# WORK ORDER:
Leave out every picture, and restate word for word only the lines from the one containing "RS Harmony Socken" through the end of the material.

# INFORMATION SUPPLIED:
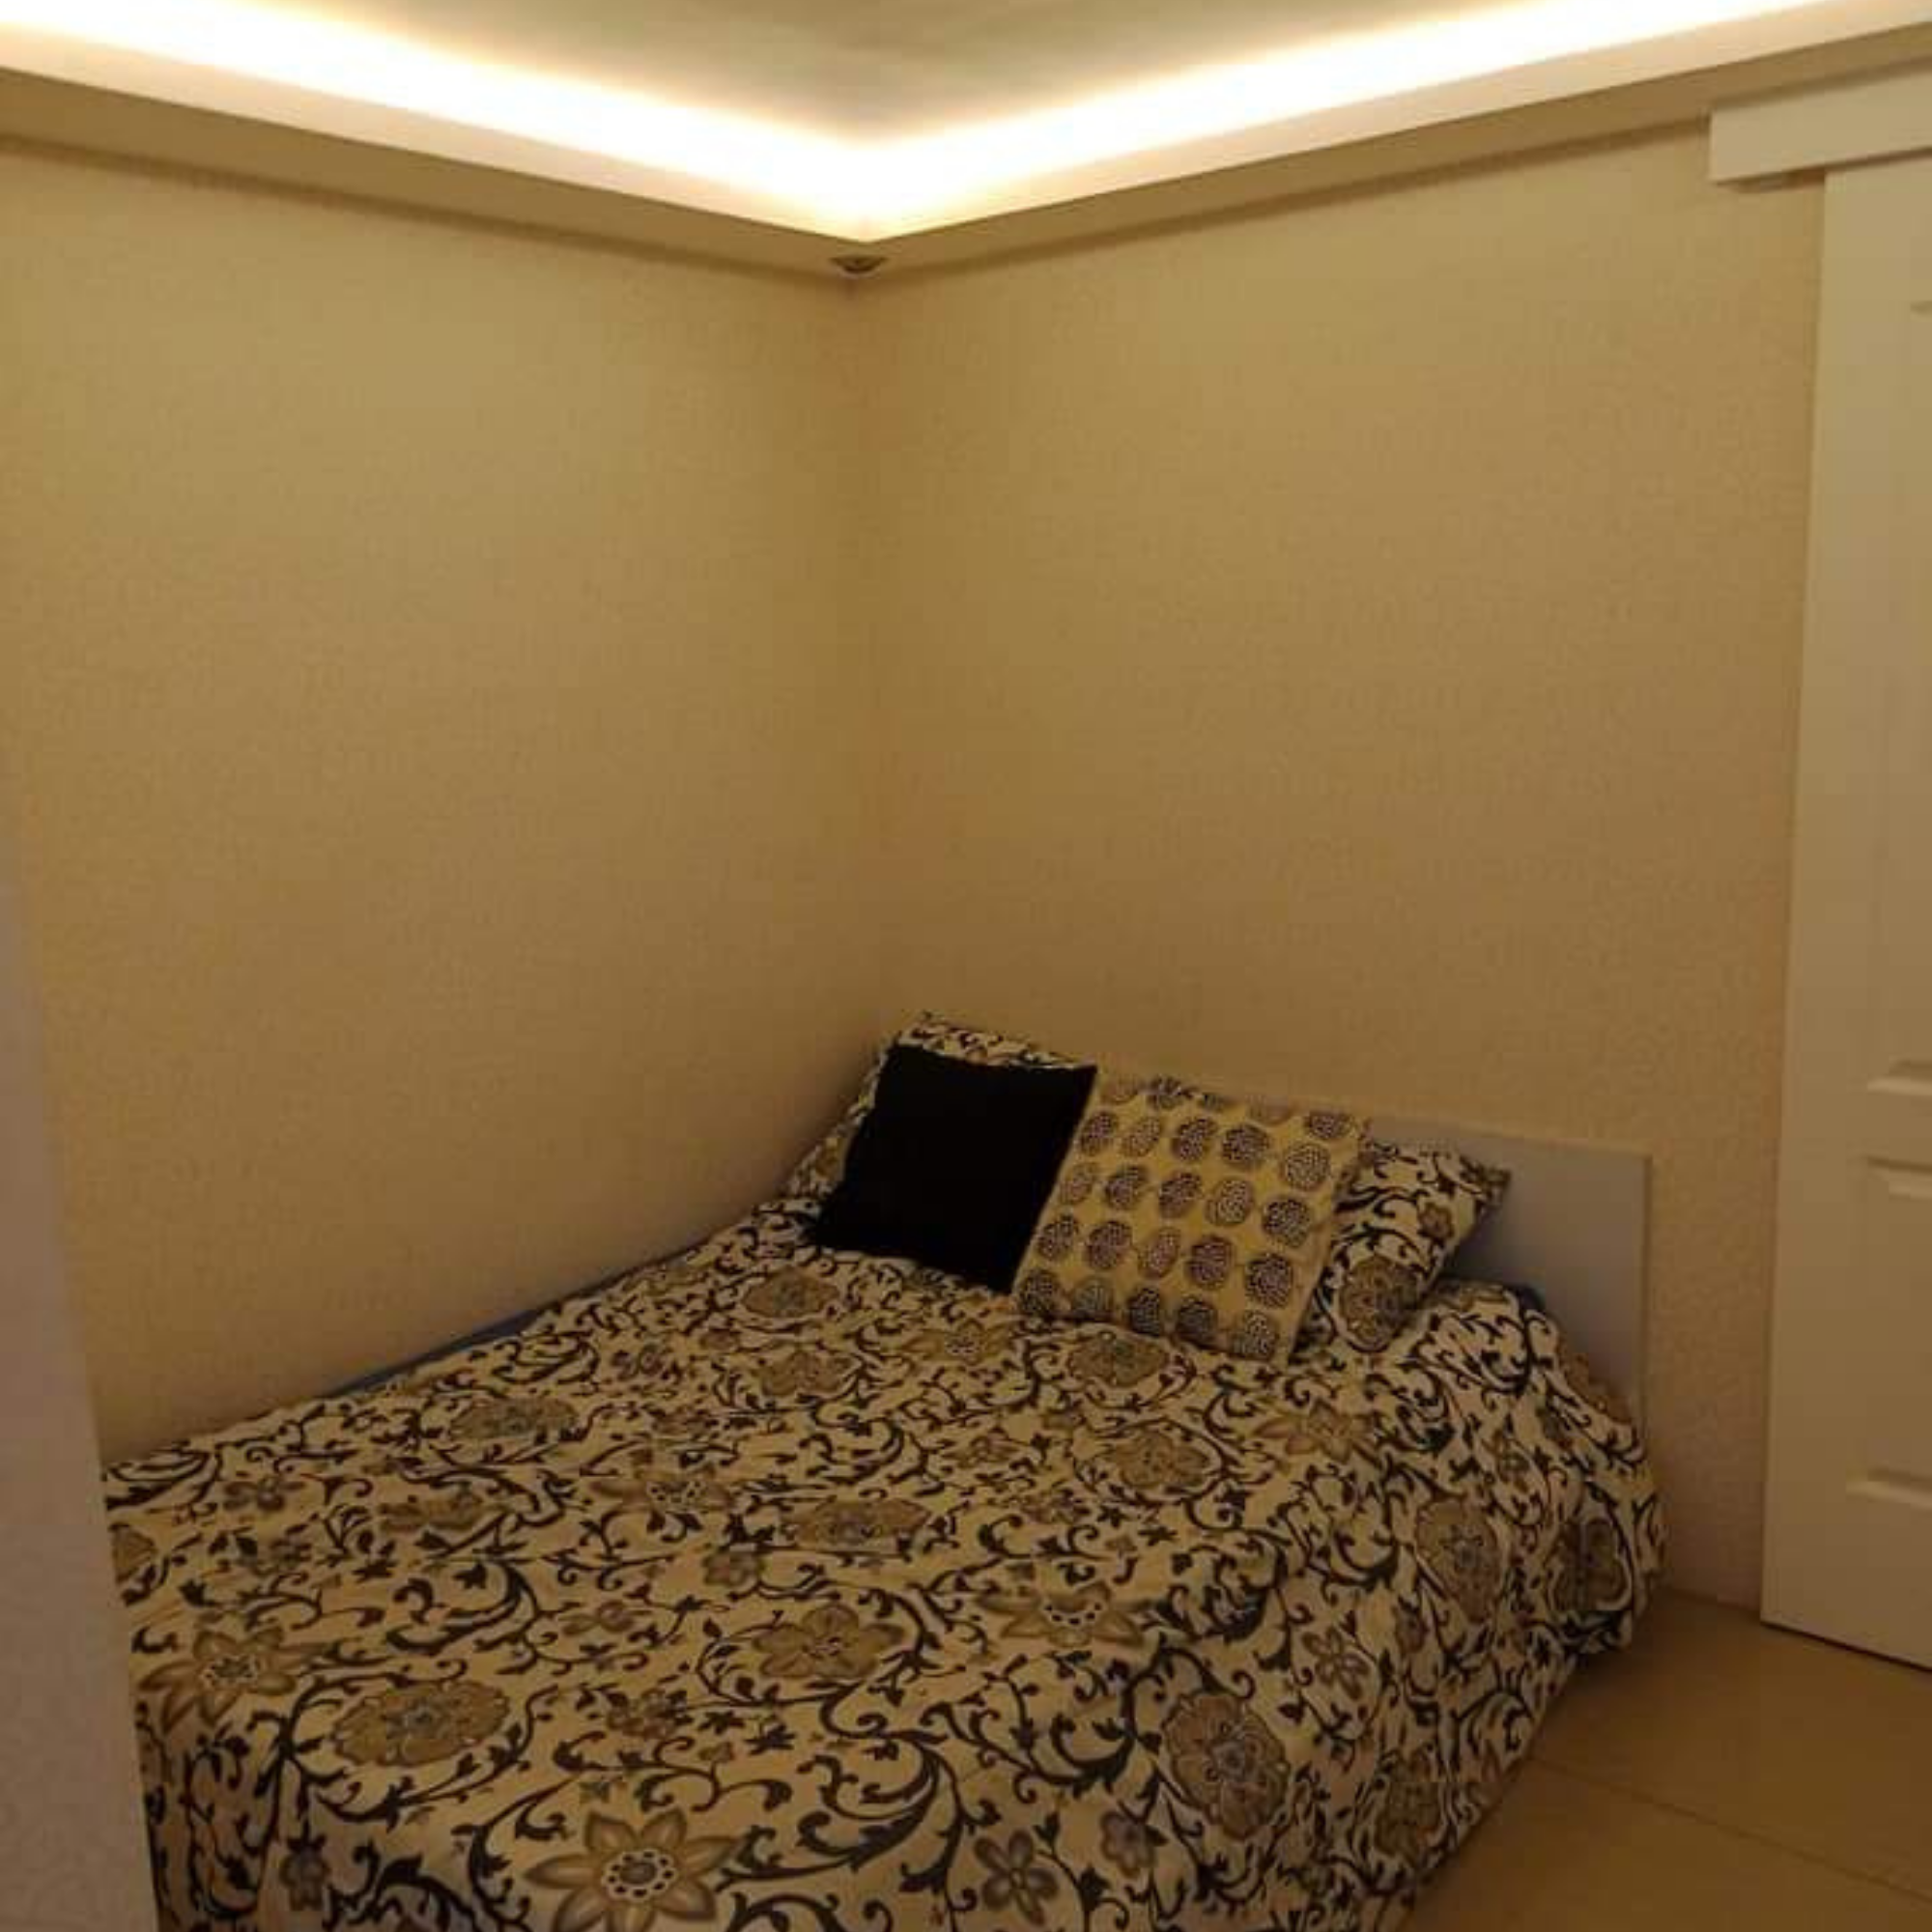 2 Bedroom Condo Unit in Imus Cavite
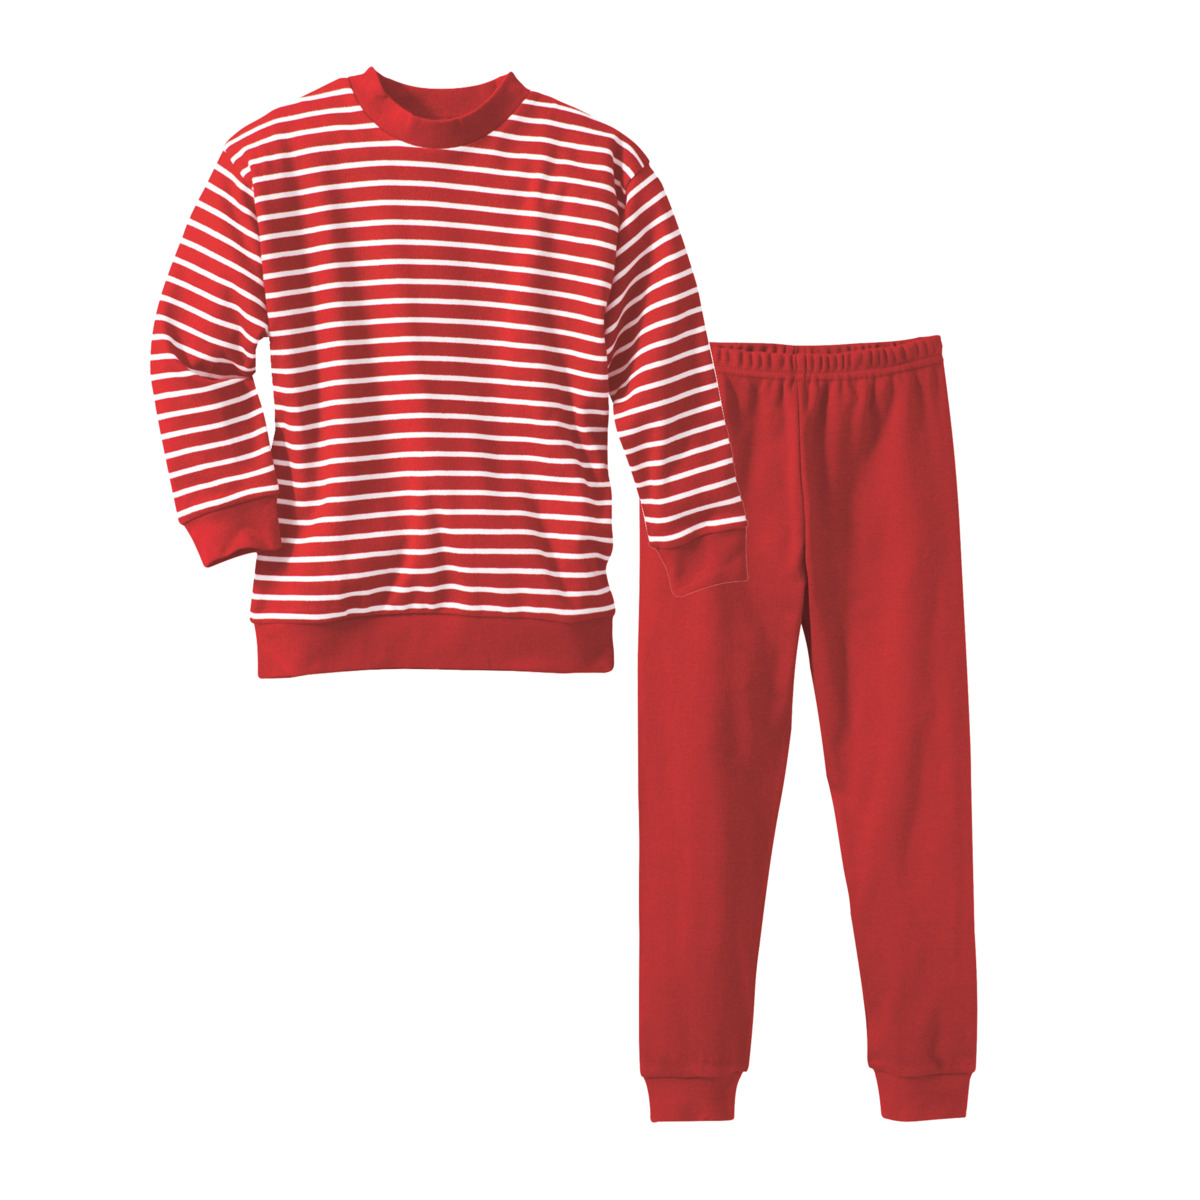 Striped Pyjamas, 
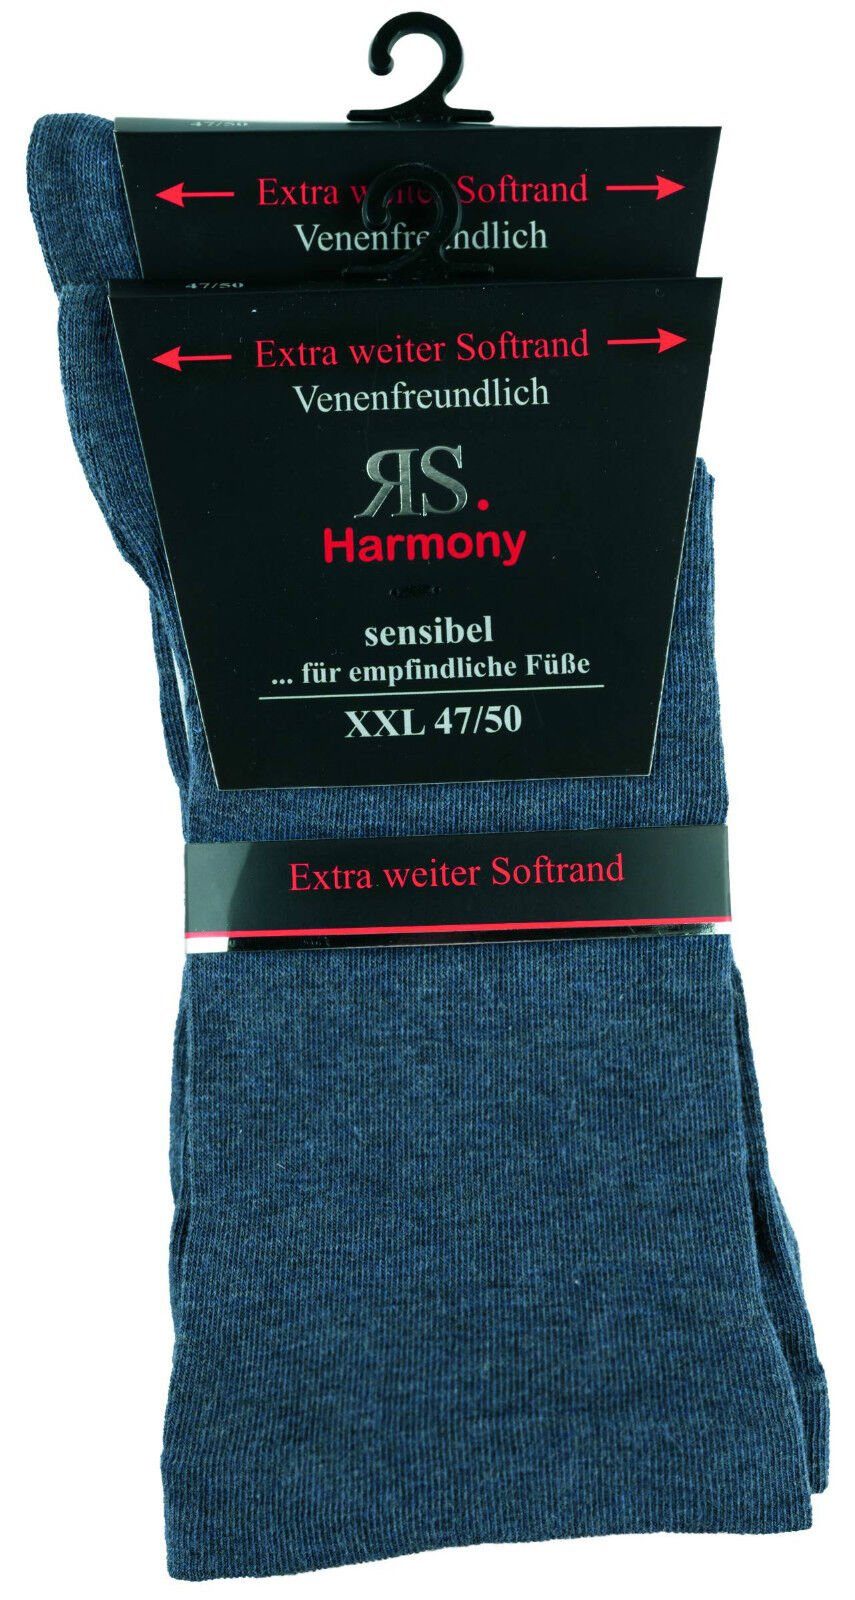 RS Harmony Socken Diabetikersocken extra weit breit Übergröße ohne Gummi für Problemfüße (2 Paar) Spitze und Ferse verstärkt jeans
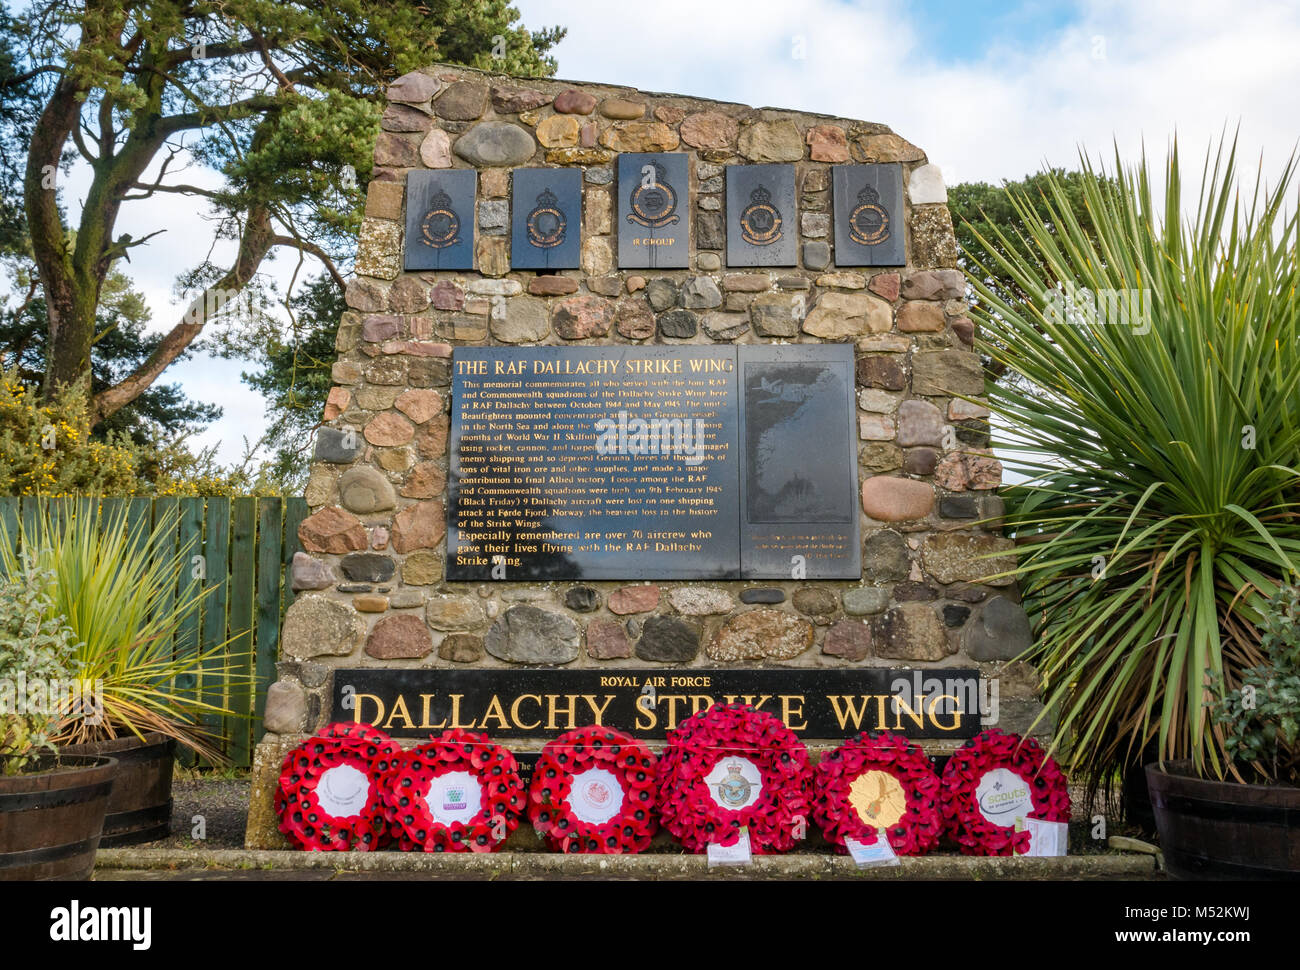 Monument à la Royal Air Force RAF aviateurs tués en grève Dallachy, Aile Noire et attaque vendredi en Norvège, Bogmuir, Moray, Ecosse, Royaume-Uni Banque D'Images

# SOLUTION:
 RS Harmony Socken Diabetikersocken extra weit breit Übergröße ohne Gummi für Problemfüße (2 Paar) Spitze und Ferse verstärkt jeans
 Monument à la Royal Air Force RAF aviateurs tués en grève Dallachy, Aile Noire et attaque vendredi en Norvège, Bogmuir, Moray, Ecosse, Royaume-Uni Banque D'Images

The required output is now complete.